*** Data section Section Begins ***
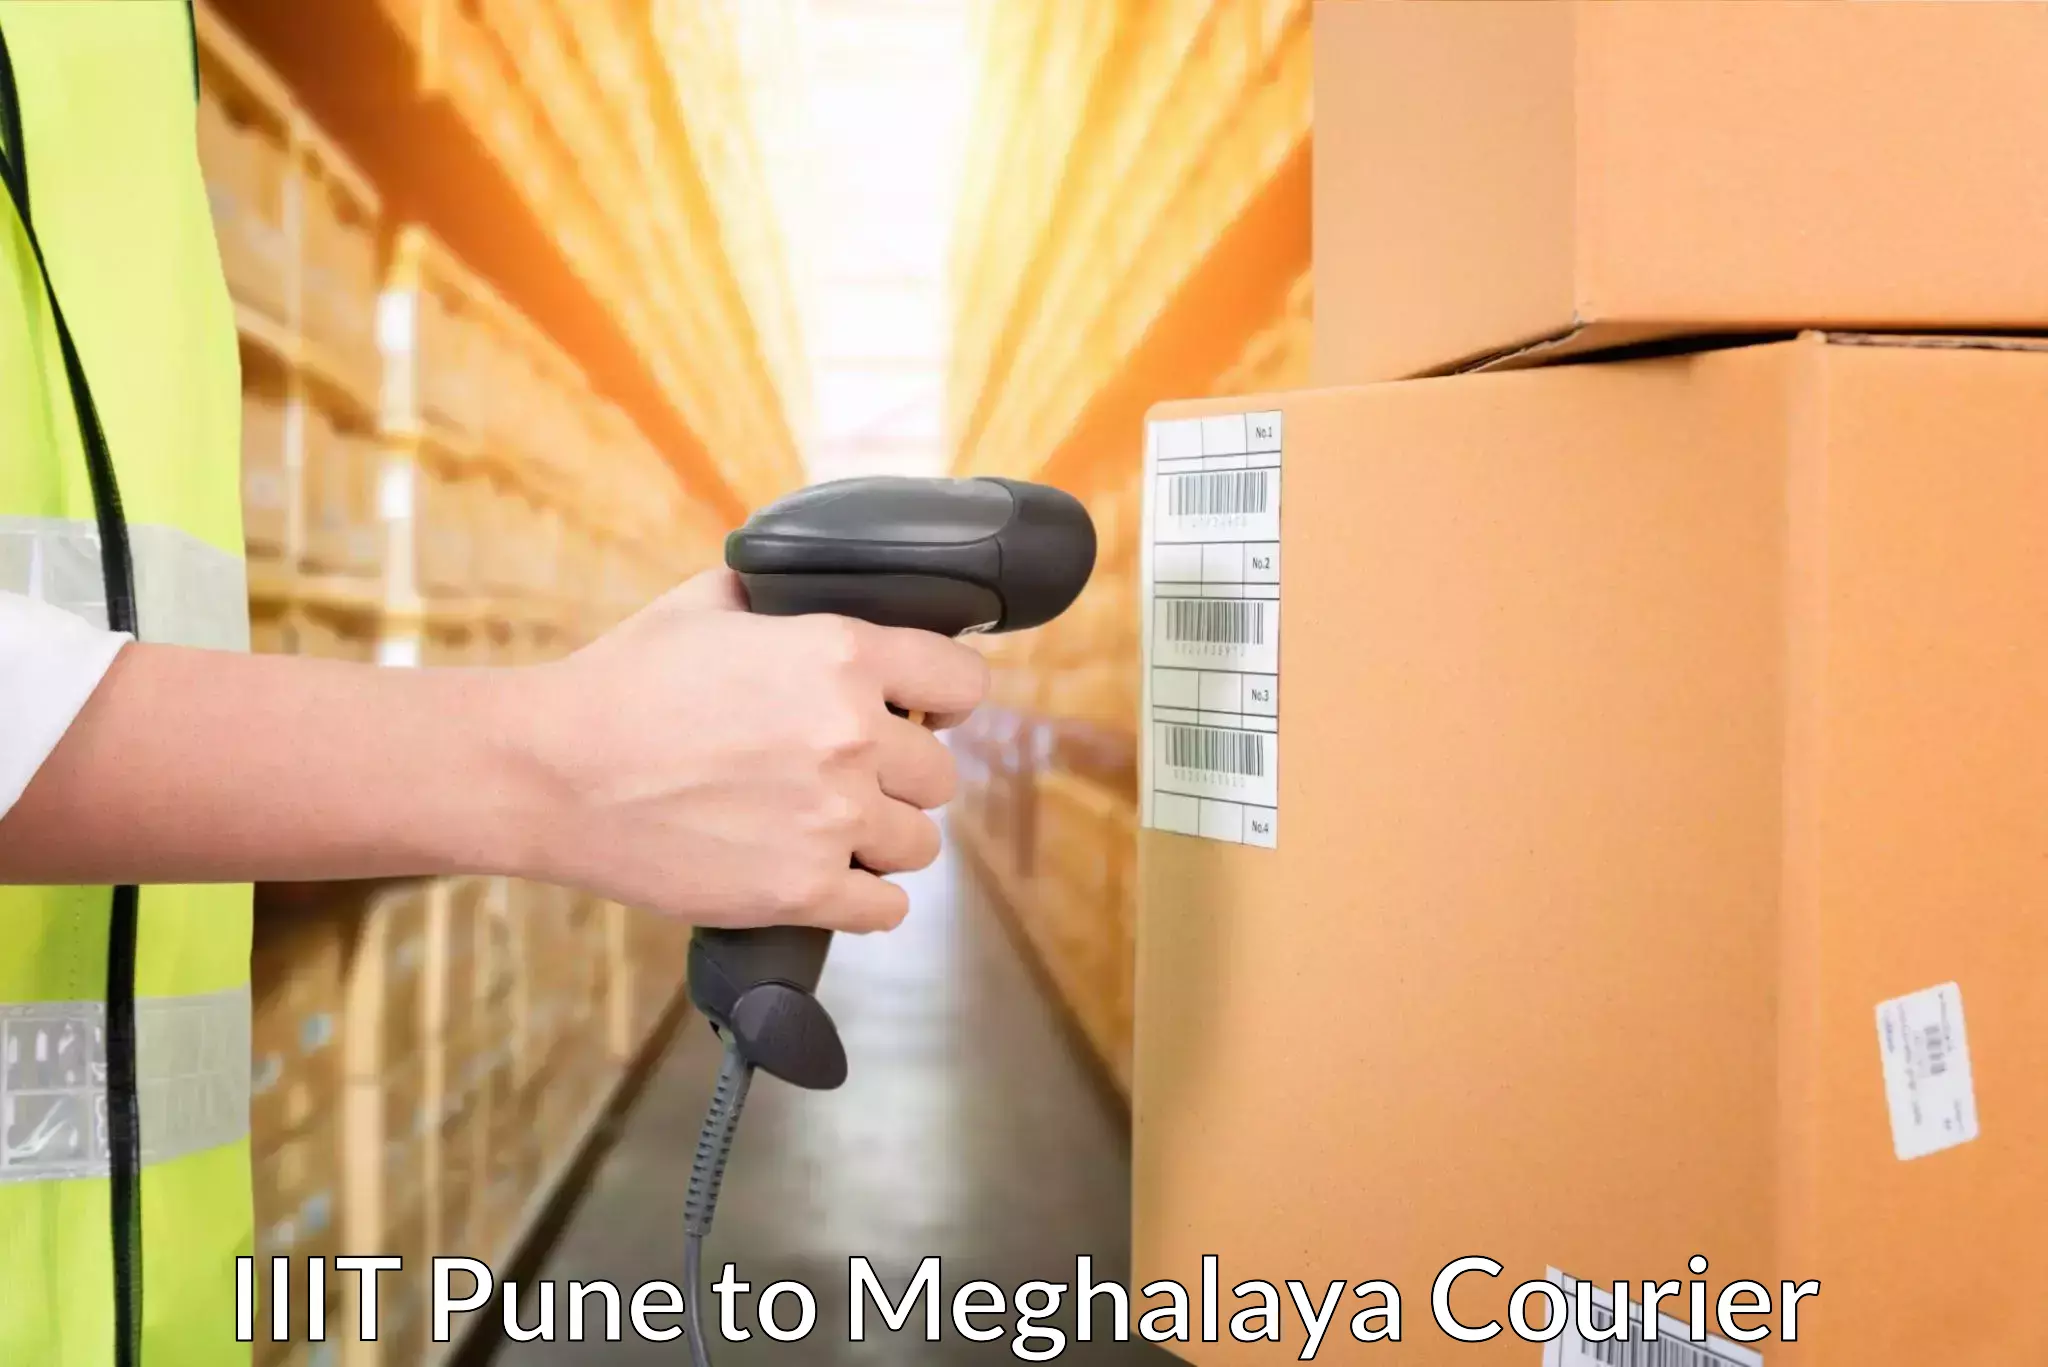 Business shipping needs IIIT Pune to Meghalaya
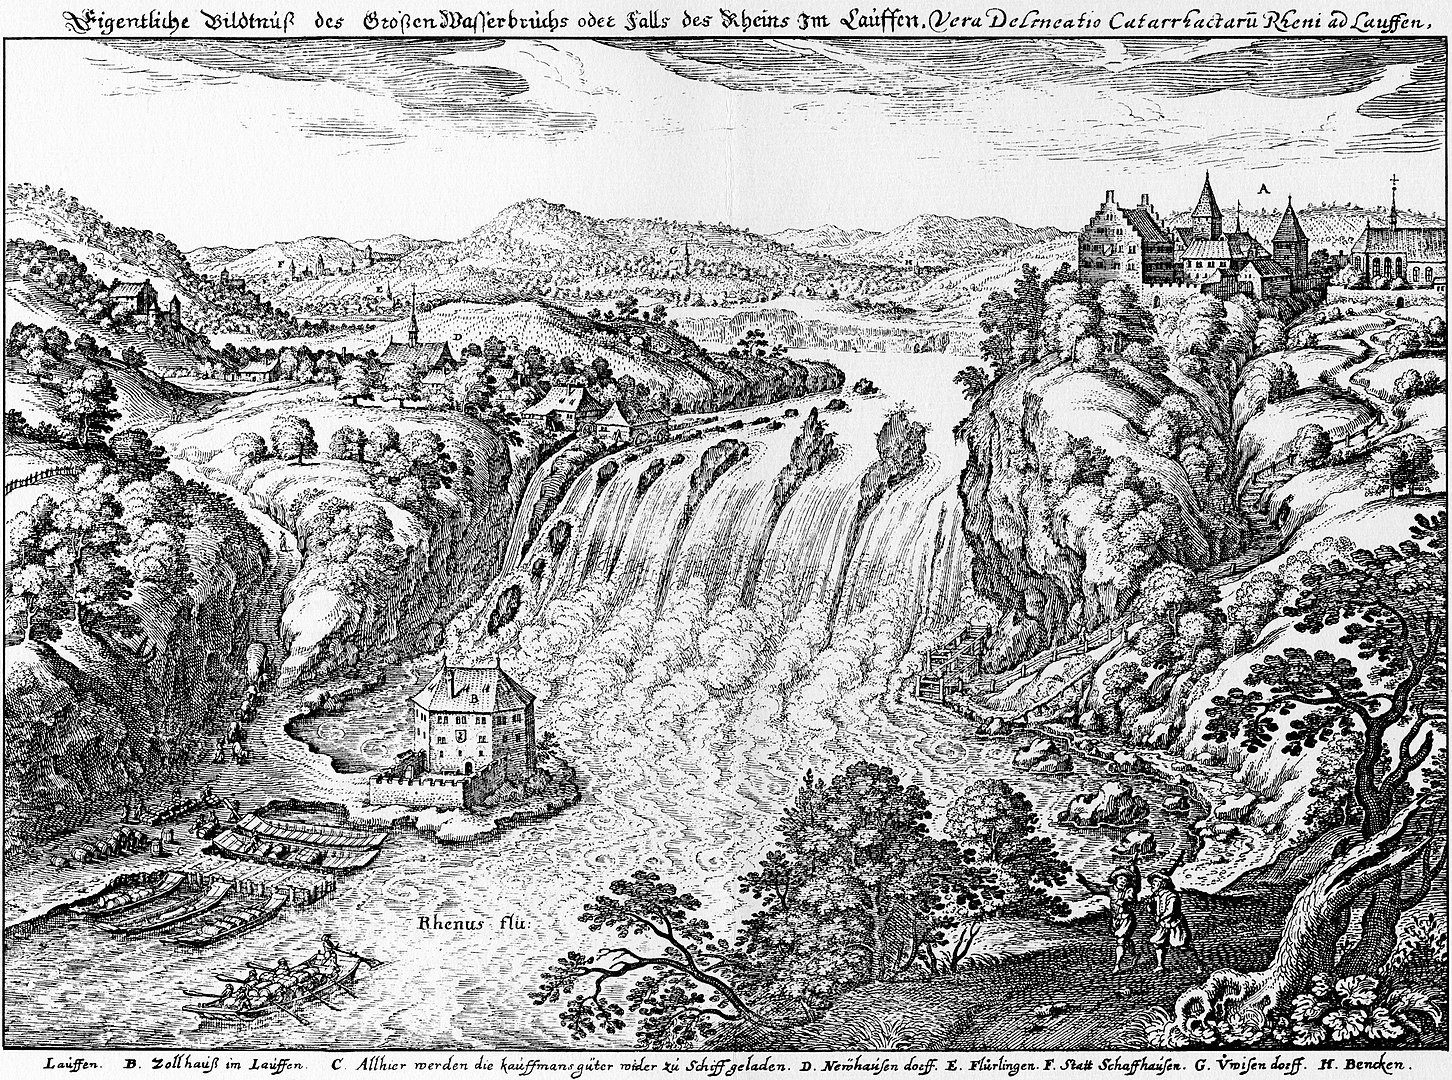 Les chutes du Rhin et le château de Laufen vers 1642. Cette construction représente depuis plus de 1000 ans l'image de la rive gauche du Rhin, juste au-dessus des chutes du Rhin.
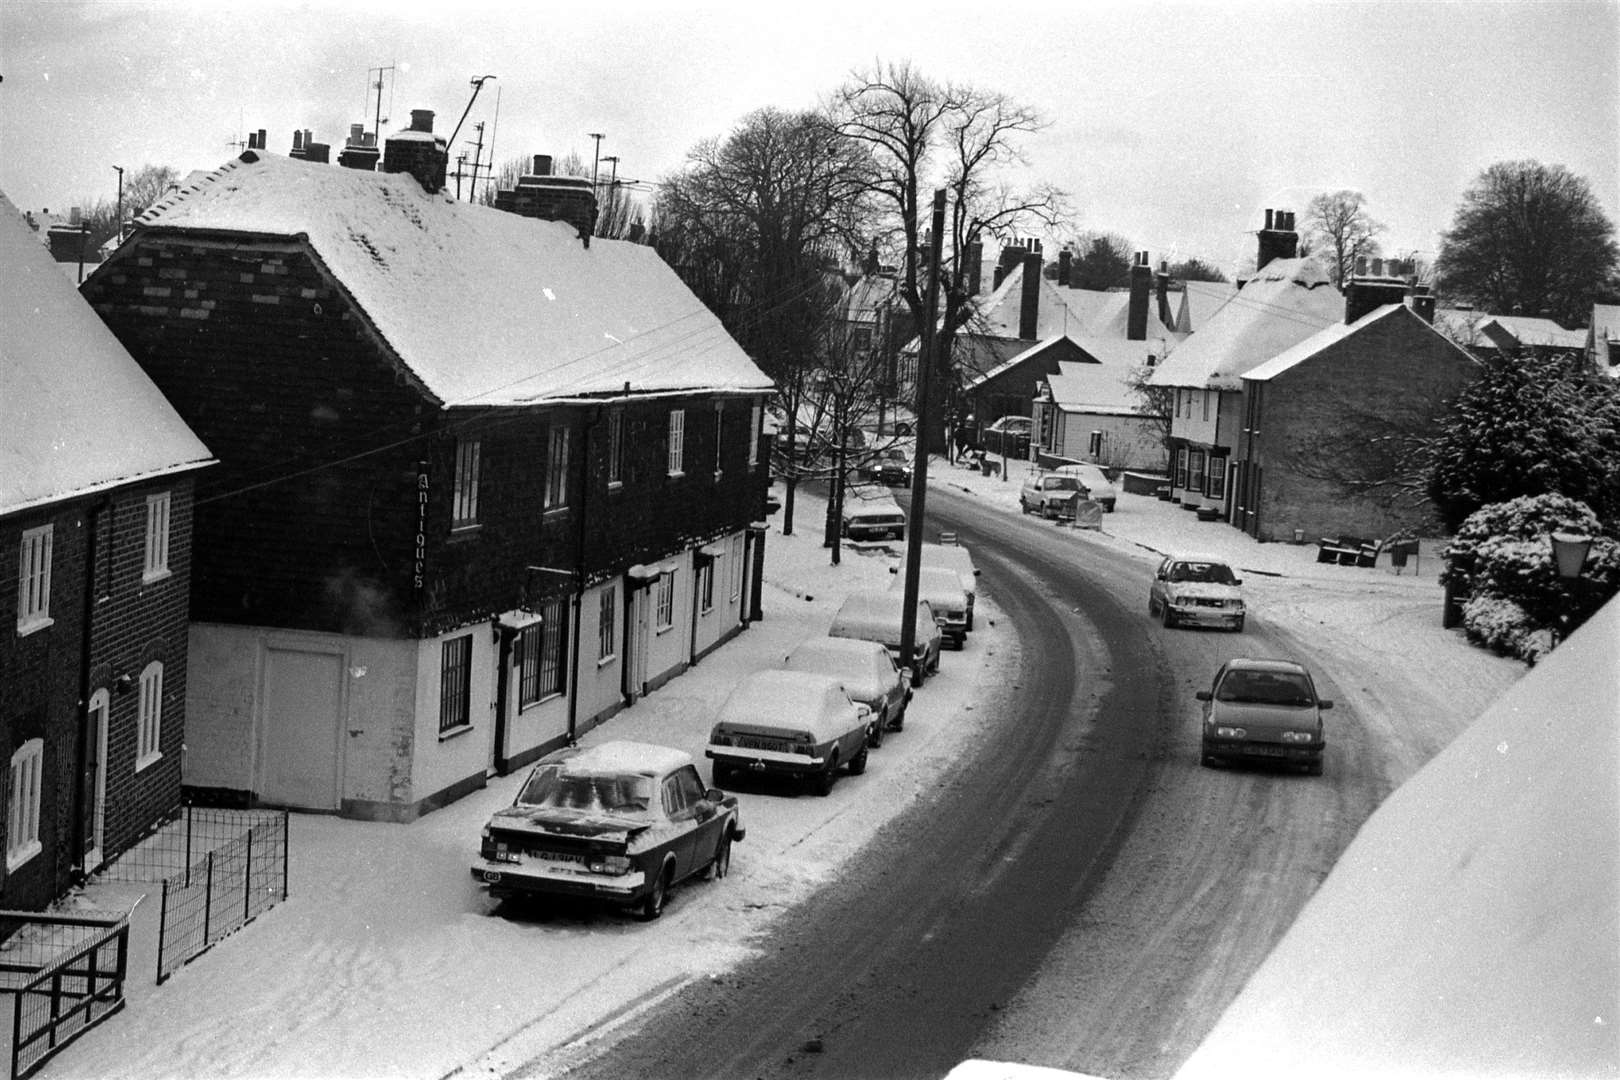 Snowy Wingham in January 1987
*** Data section Section Ends ***
▸ Task details:
Everything in the material above should be reproduced exactly, except the pictures.

▸ Answer space:
 Business shipping needs IIIT Pune to Meghalaya
 Les chutes du Rhin et le château de Laufen vers 1642. Cette construction représente depuis plus de 1000 ans l'image de la rive gauche du Rhin, juste au-dessus des chutes du Rhin.
 Snowy Wingham in January 1987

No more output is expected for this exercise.